Over the past decades scientists have shown that cats, mice and humans share similar genetic systems. This has been achieved by decoding the DNA that underpins the genes and chromosomes of many species and finding large stretches of DNA homology between them. Like other mammals such as dogs, sheep and cattle, the DNA of the cat is made up of a universal four base code signified by the letters A, T, C and G. It has been estimated 3 billion of these letters make up the 38 chromosomes of the cat. Mutations in genes occur when the DNA is altered. Changes in DNA might be as small as a single letter or it may involve the deletion of many letters or the replacement of one letter with another. Such mutations may happen when DNA is disrupted by a virus; damaged by UV light or chemicals. Either way there is a misspelling of the DNA alphabet and there may be no gene product or an altered gene product generated. Unfortunately, some DNA mutations may lead to harmful heritable diseases or genetic defects, many of which result in analogous genetic syndromes in humans, laboratory mice and other mammals (reviewed by Fowler et al, 2000). Apart from being deleterious, changes in the DNA blueprint are also responsible for the amazing variety we see in any species including the great diversity of cat breeds and coat colours that can be viewed today.
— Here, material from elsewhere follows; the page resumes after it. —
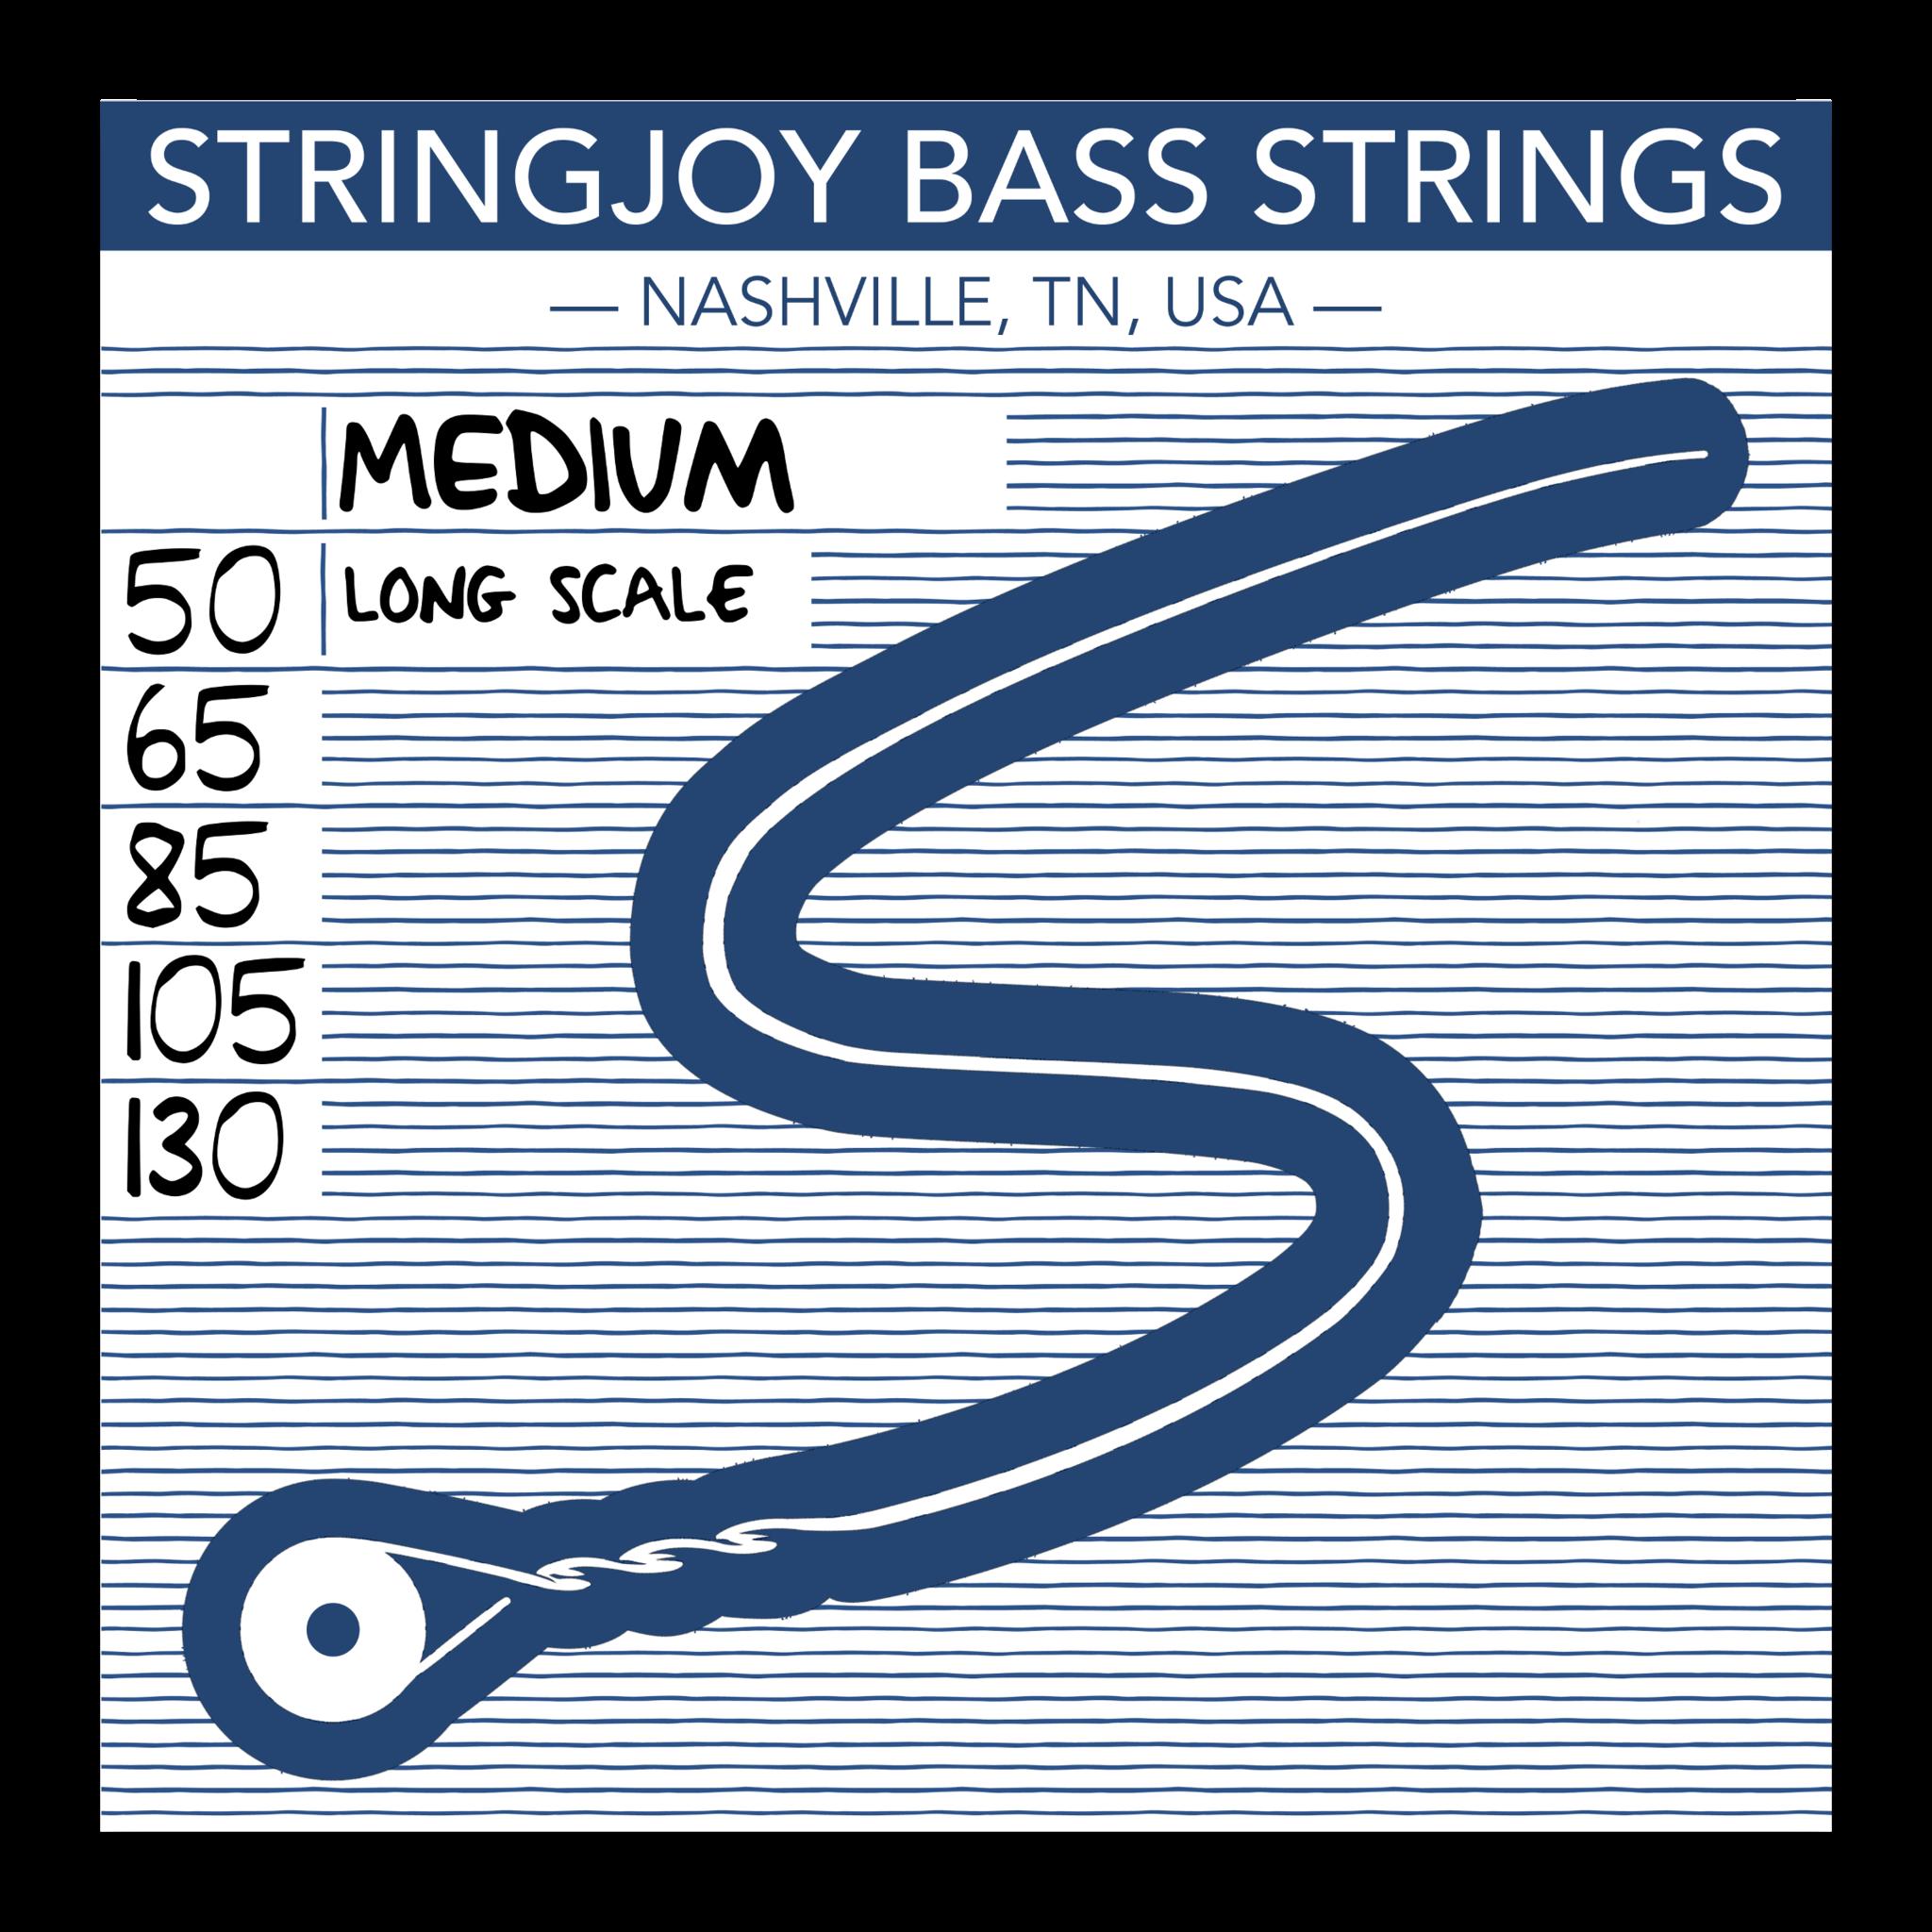 Stringjoy Bass Medium 5-string Bass Strings (50-130) SJ-BA50130-1

For example, different recessively inherited mutations in the DNA of the black colour gene of non-agouti (gene symbol: a) cats may give rise to brown or chocolate, or cinnamon coloured cats. When the black gene (B) or seal brown (genetically black under the influence of the Burmese or Siamese colour genes known as c^b and c^s, respectively; Vella et al, 1999) is exposed to the recessive dilute density of pigment gene (d), blue coat colour (aaBBdd) is observed. Conversely when chocolate brown (b) and the dilute gene are co-inherited lilac (aabbdd) is noted, alternatively when cinnamon or light brown (b¹) pairs up with the dilute gene, fawn or light cocoa brown (aab¹b¹dd) appears. When dilute coat colours of cats including fawn, are exposed to the dominant dilute modifier gene (Dm) a range of coat colours known as caramel (blue-based), taupe (lilac-based) and apricot (cream-based; cream being the dilute density of the sex-linked red gene known as the gene symbol, O) can be generated (reviewed by Vella et al, 1999). However, while this brief summary of dilute coat colour inheritance gives cat fanciers a good foundation for understanding the genetic basis of dilutes, it does not explain the pale kaleidoscope of colours that may be observed within a particular dilute group. It is highly plausible that the answer to some of the curious coat colours seen in cats resides in the DNA code of the genes responsible for coat colour.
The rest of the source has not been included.